Number of vertices: This is not an input parameter of SimNIBS, but a parameter to control how much to downsample the cortex surface generated by CAT12 when importing it into the Brainstorm database. See the introduction tutorials.
SimNIBS 4: charm
SimNIBS 4.x includes the pipeline charm to process T1 or T1+T2 MRI volumes (T1 is required, T2 is recommended). This pipeline generates the highest-quality tetrahedral FEM mesh we can get from Brainstorm. It creates segmentations and meshes with more tissues than SimNIBS3/headreco: white matter, gray matter, CSF, compact bone, spongy bone, scalp, eyes, blood and muscle. It also creates high-resolution cortex surfaces registered with the FSAverage template, but it does not generate the full CAT12 output folder anymore. For surface and volume-based atlases, it might be necessary to execute CAT12 from Brainstorm on top of SimNIBS.
Given the high quality of its outputs, SimNIBS/charm is the recommended method for FEM mesh generation in Brainstorm. A full example is available in the tutorial: FEM median nerve example.
Options
Number of vertices: This is not an input parameter of SimNIBS, but a parameter to control how much to downsample the cortex surface generated by CHARM when importing it into the Brainstorm database. See the introduction tutorials.
Troubleshooting
ROAST
ROAST is a fully automated, Realistic, vOlumetric Approach to Simulate Transcranial electric stimulation. Open-source and Matlab-based, it is available as a Brainstorm plugin. It calls internally SPM8 for tissue segmentation of the T1 or T1+T2 MRI volumes to obtain a 5-tissue classification (white matter, gray matter, CSF, skull and skin). Then it relies mostly on iso2mesh for generating a tetrahedral mesh.
This option runs fast, but does not generate good quality cortex surfaces, which are needed for the full cortically-constrained source estimation pipeline in Brainstorm.
Troubleshooting
SPM-related errors: If you've been trying multiple methods successively, errors mentioning a spm_*.m function could be due to incompatible versions of SPM12 functions in the Matlab path. Brain2mesh, FieldTrip and ROAST all run different versions of SPM12 from the same instance of Matlab. Solution: Restart Matlab to get a fresh workspace.
Fieldtrip
FieldTrip is an open-source Matlab-based toolbox that includes a pipeline dedicated to the generation of hexahedral FEM mesh. It is available as a Brainstorm plugin.
Brainstorm calls the function ft_volumesegment on the T1 MRI volume to obtain a tissue segmentation with 5 layers (white matter, gray matter, CSF, skull and skin), then ft_prepare_mesh_hexa to create a hexahedral mesh.

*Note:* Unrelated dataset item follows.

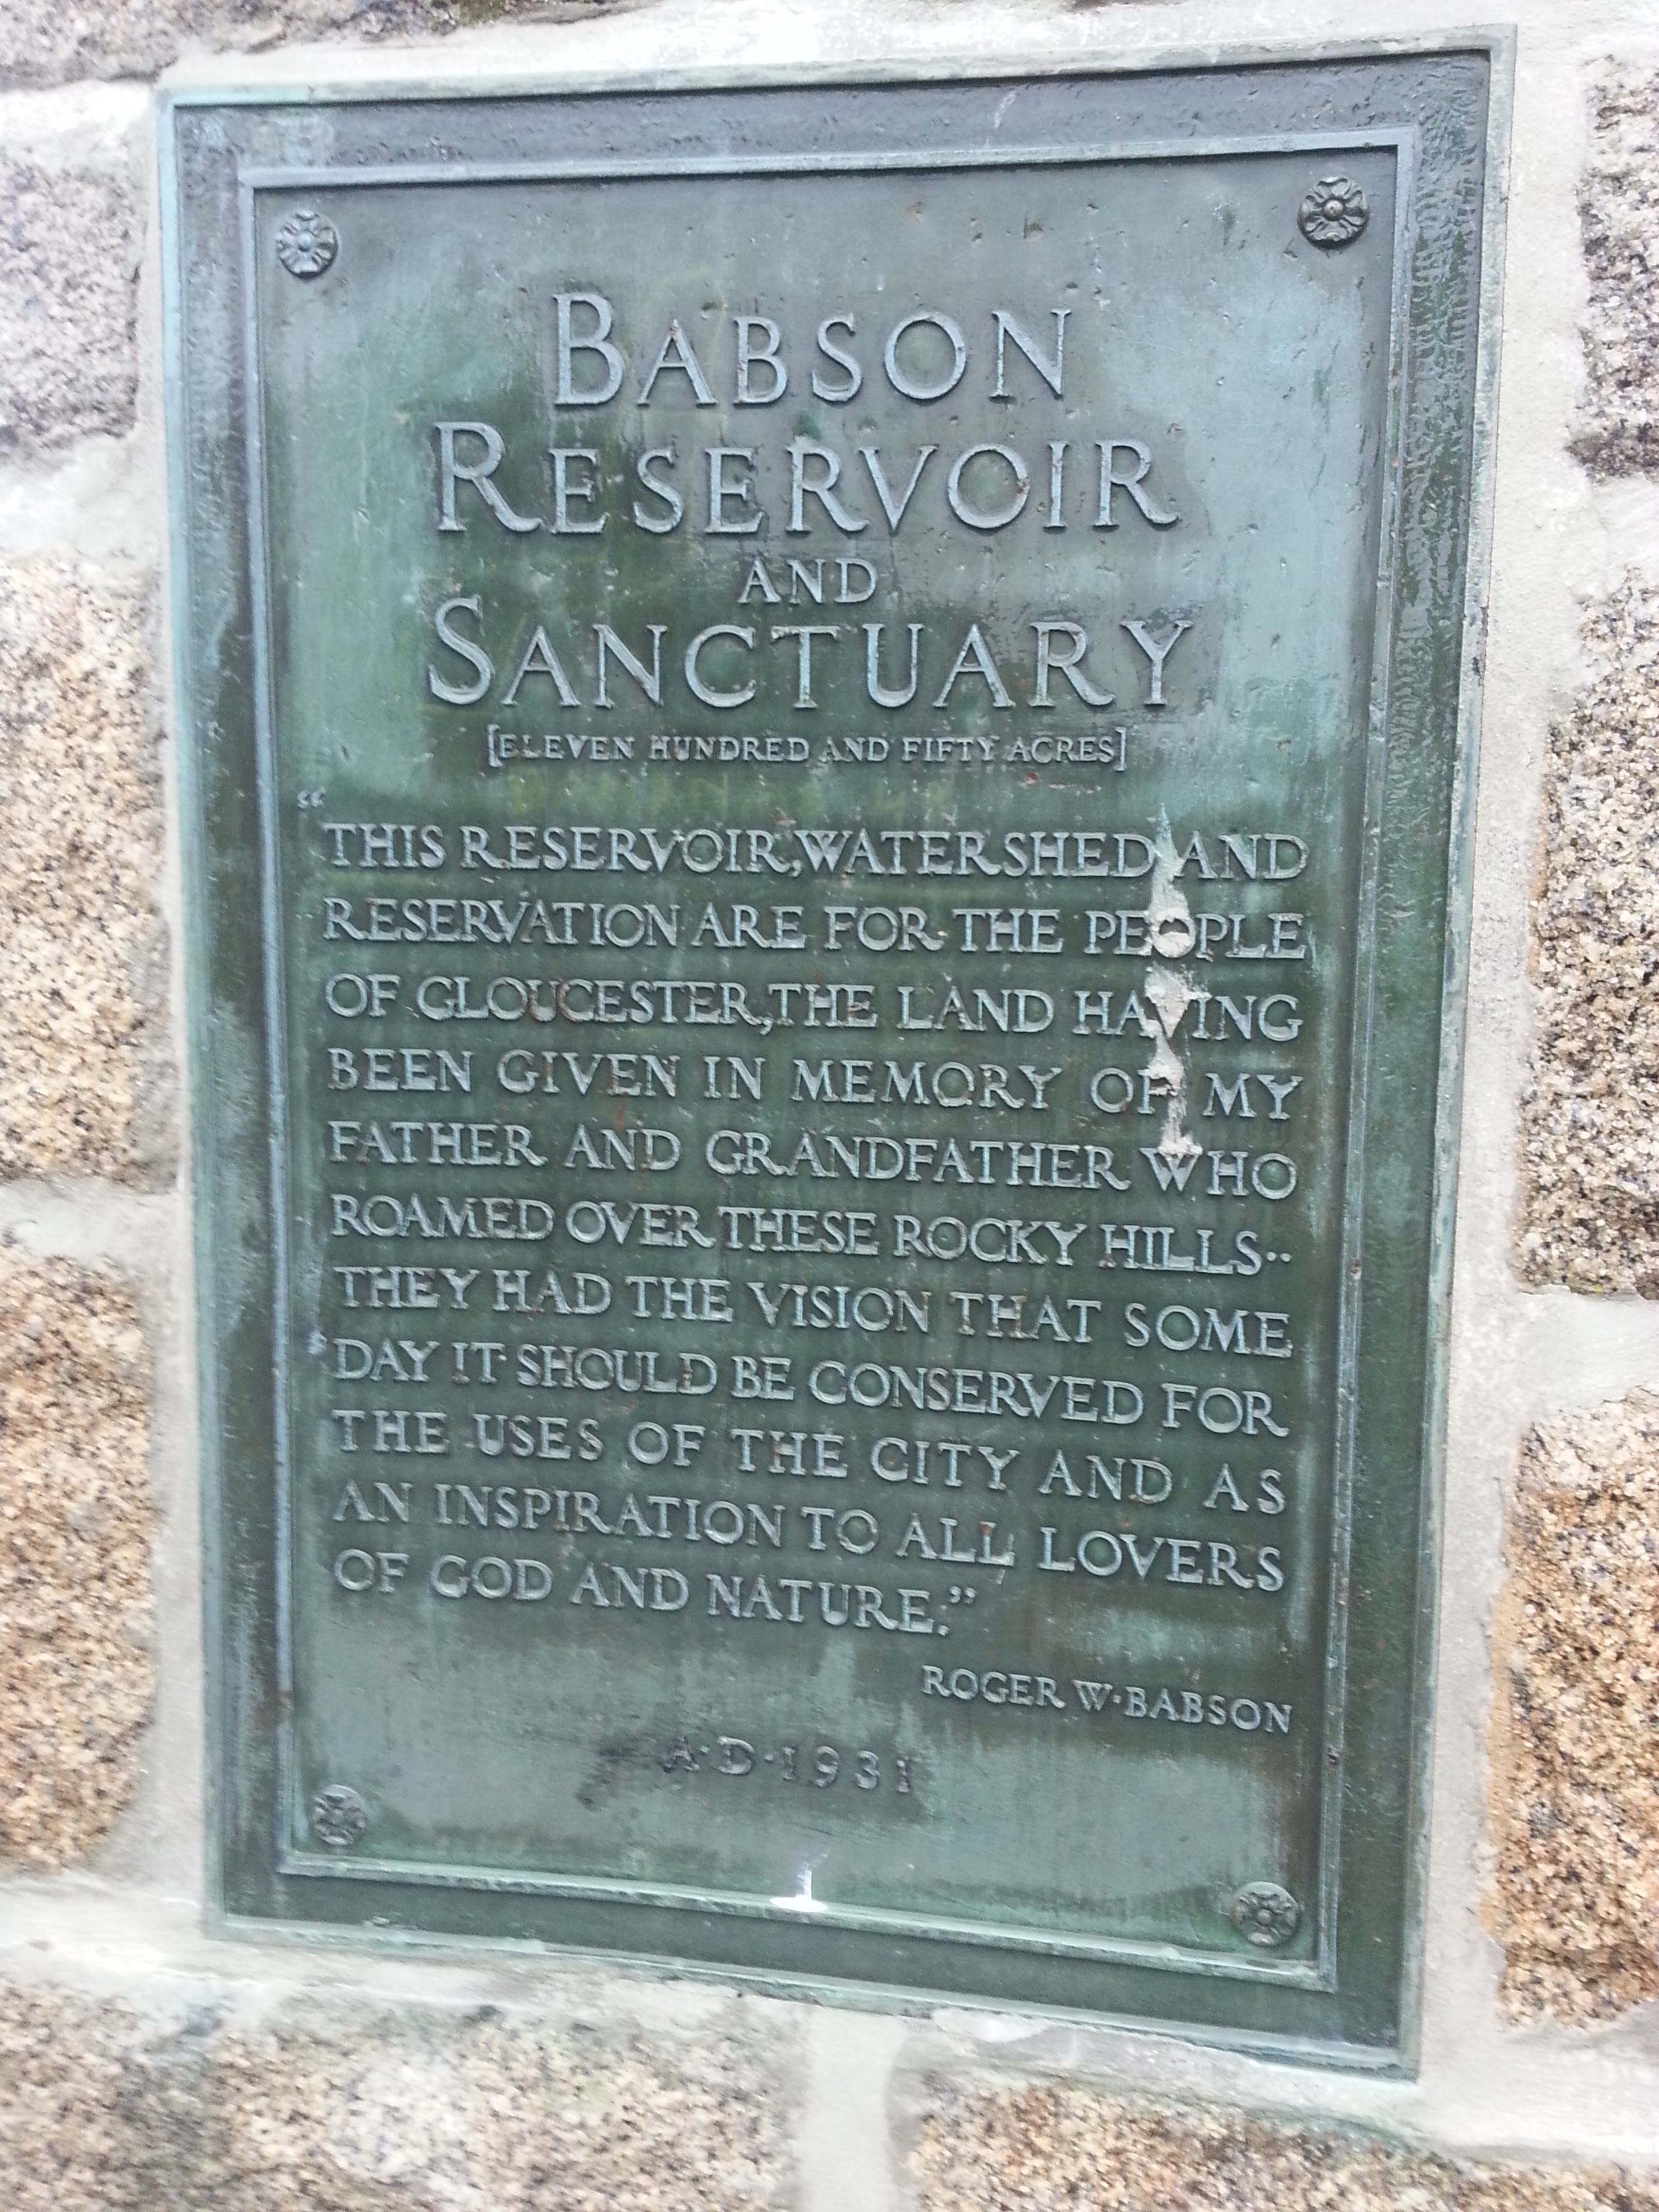 Babson Reservoir and Sanctuary 1931 dedication plaque Gloucester MA photograph 20160810_©catherine ryan

The mesh generation with the method is simple and fast: it downsamples the tissue classification volume, then converts all the voxels to a hexahedral mesh. The quality of the output is relatively poor: the regular meshing of the voxels makes it inefficient for providing a good representation of the tissues geometry with a limited number of elements.
Options
Downsample volume before meshing: When processing the tissue classification volume, reduce the number of voxels along each dimension by this factor.

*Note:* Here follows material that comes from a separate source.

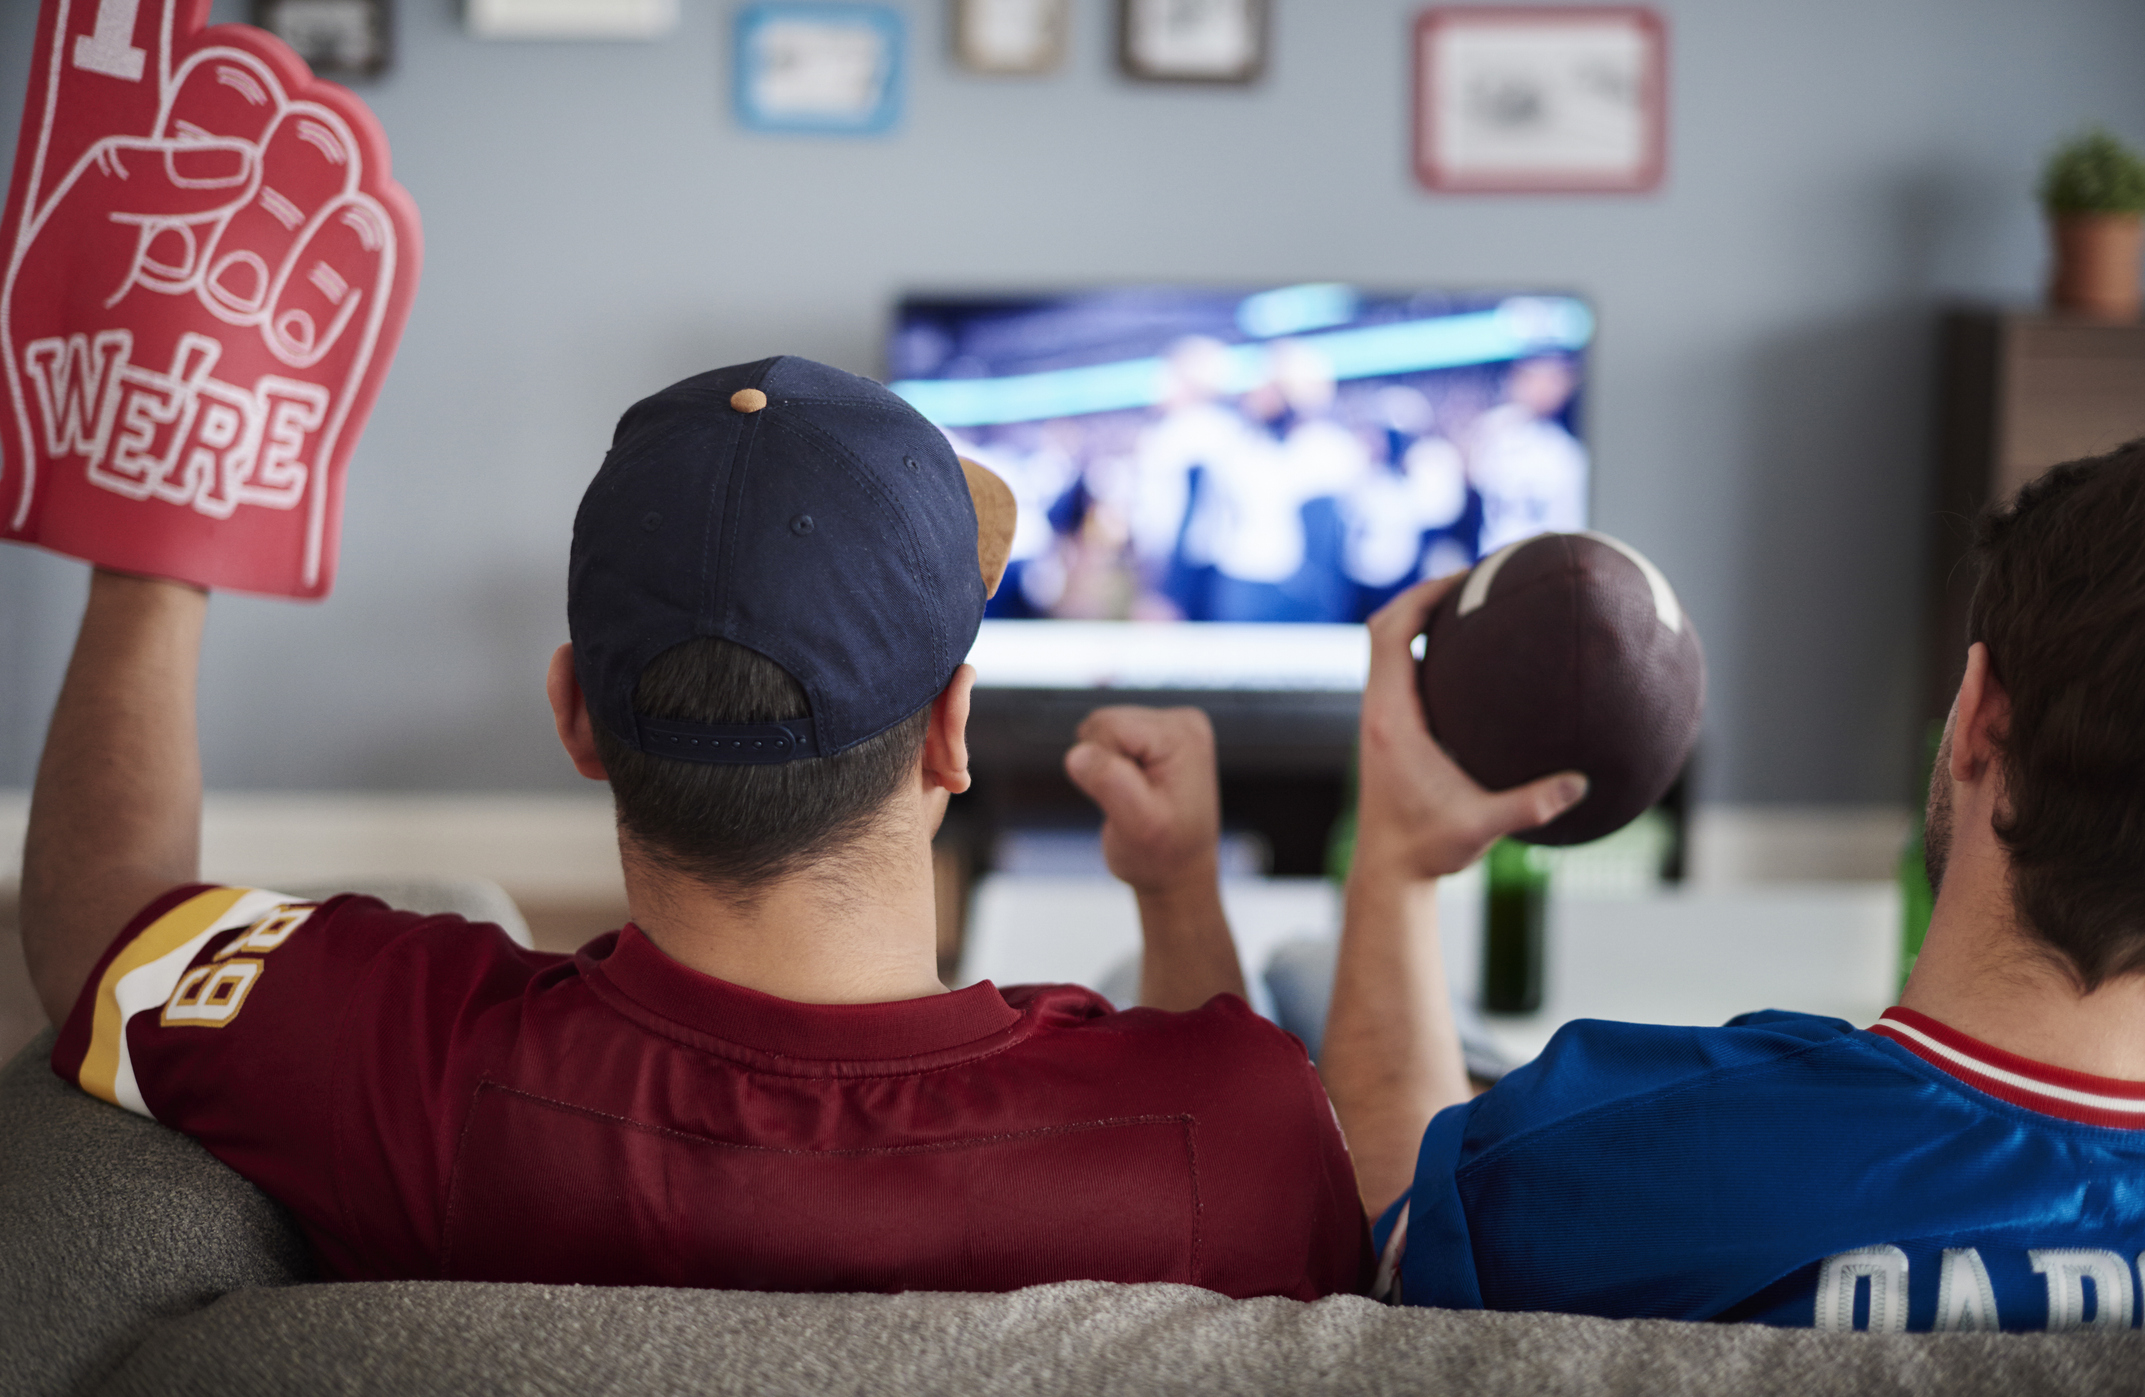 How to Watch Your Favorite Sports Without Cable

Shift nodes to fit geometry: The option calls the adaptative mesh generation. The process moves the nodes located on the interface either inward or outward in order to fit the geometry as explained in the FieldTrip tutorial. Below, the example from the FieldTrip website, left=original, right=shifted.
Troubleshooting
SPM-related errors: If you've been trying multiple methods successively, errors mentioning a spm_*.m function could be due to incompatible versions of SPM12 functions in the Matlab path. Brain2mesh, FieldTrip and ROAST all run different versions of SPM12 from the same instance of Matlab. Solution: Restart Matlab to get a fresh workspace.
Zeffiro
Zeffiro (ZI) is an open source code package constituting an accessible tool for multidisciplinary finite element (FE) based forward and inverse simulations in complex geometries, available as a Brainstorm plugin.
Brainstorm uses Zeffiro Mesh tool to generate a FEM tetrahedral mesh from a set of nested surfaces representing the separation between different tissues of the head. For example, these surfaces can be generated for the computation of a BEM forward model.

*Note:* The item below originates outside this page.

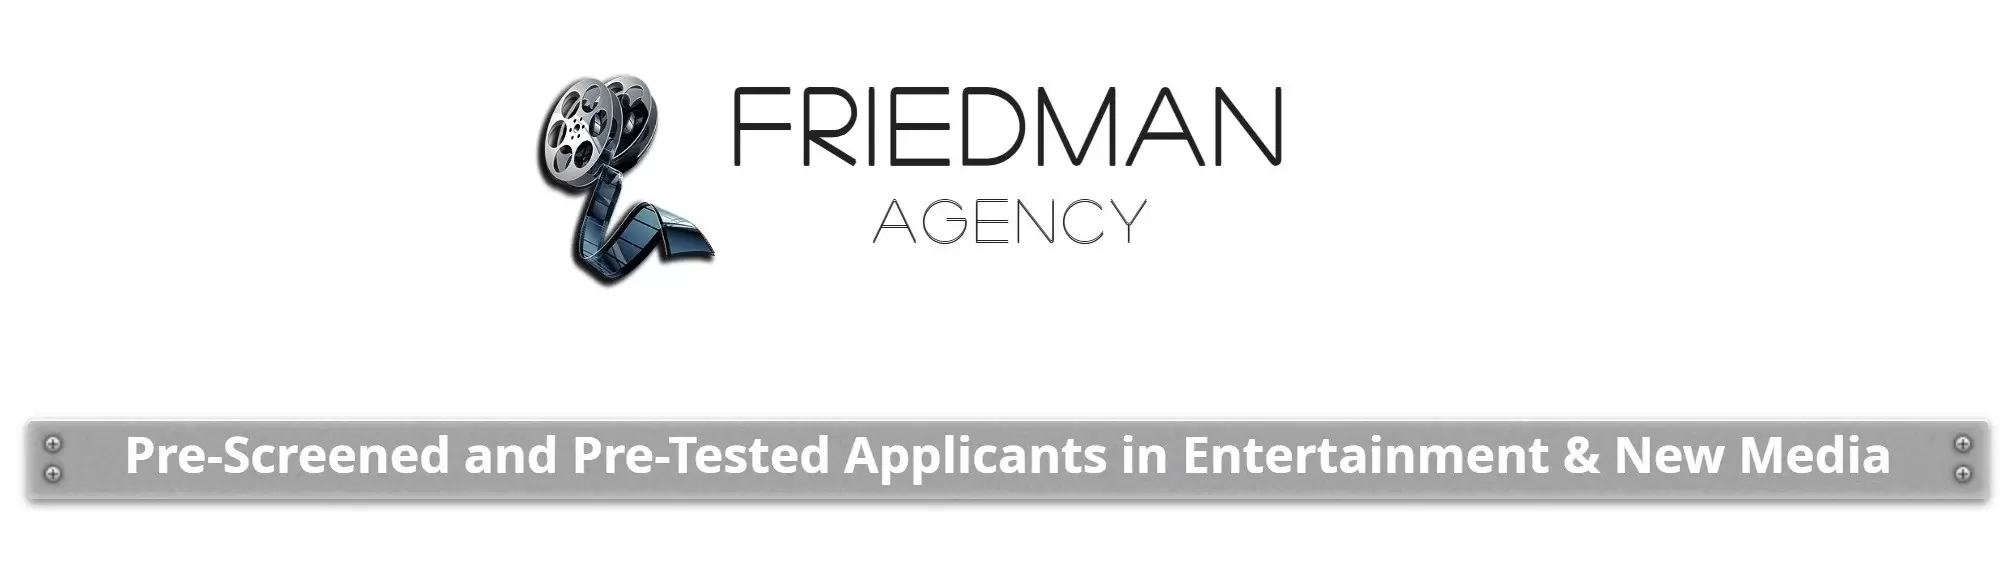 Friedman Personnel Agency: Company Profile & Reviews

Zeffiro Mesh module plugin in Brainstrom follows the same structure as the iso2mesh case. users can call the mesh generation either from the Subject node (fig1) or from a set of selected surfaces (fig2). To select multiple surface you can hold the "Ctrl" key and then select multiple surface with the mose.
TODO: Add example and screenshot of the interface + options + advantages
On the hard drive
Right-click on a FEM mesh > File > View file contents:
Structure of the FEM mesh files: tess_fem_*.mat
Comment: String displayed in the database explorer to represent the file.
Vertices: [Nvertices x 3], coordinates (x,y,z) of all the nodes of the tetrahedral or hexahedral mesh, in SCS coordinates.
Elements:
- Tetrahedral mesh: [Nelements x 4], list of indices corresponding to the rows of the Vertices matrix, each set of 4 connected vertices identifying a tetrahedron of the mesh.
- Hexahedral mesh: [Nelements x 8], list of indices corresponding to the rows of the Vertices matrix, each set of 8 connected vertices identifying a hexahedron of the mesh.
Tissue: [Nelements x 1], for each Element, index of the corresponding tissue (e.g. wm=1, gm=2, csf=3, skull=4, scalp=5)
TissueLabels: Labels of the tissues, e.g. {'white' 'gray' 'csf' 'skull' 'scalp'}
Tensors: [Nelements x 12] if tensors are computed, otherwise empty. The 12 values are the eigenvalues and eigenvectors interpolated on each element of the mesh.
History: List of operations performed on this file (menu File > View file history).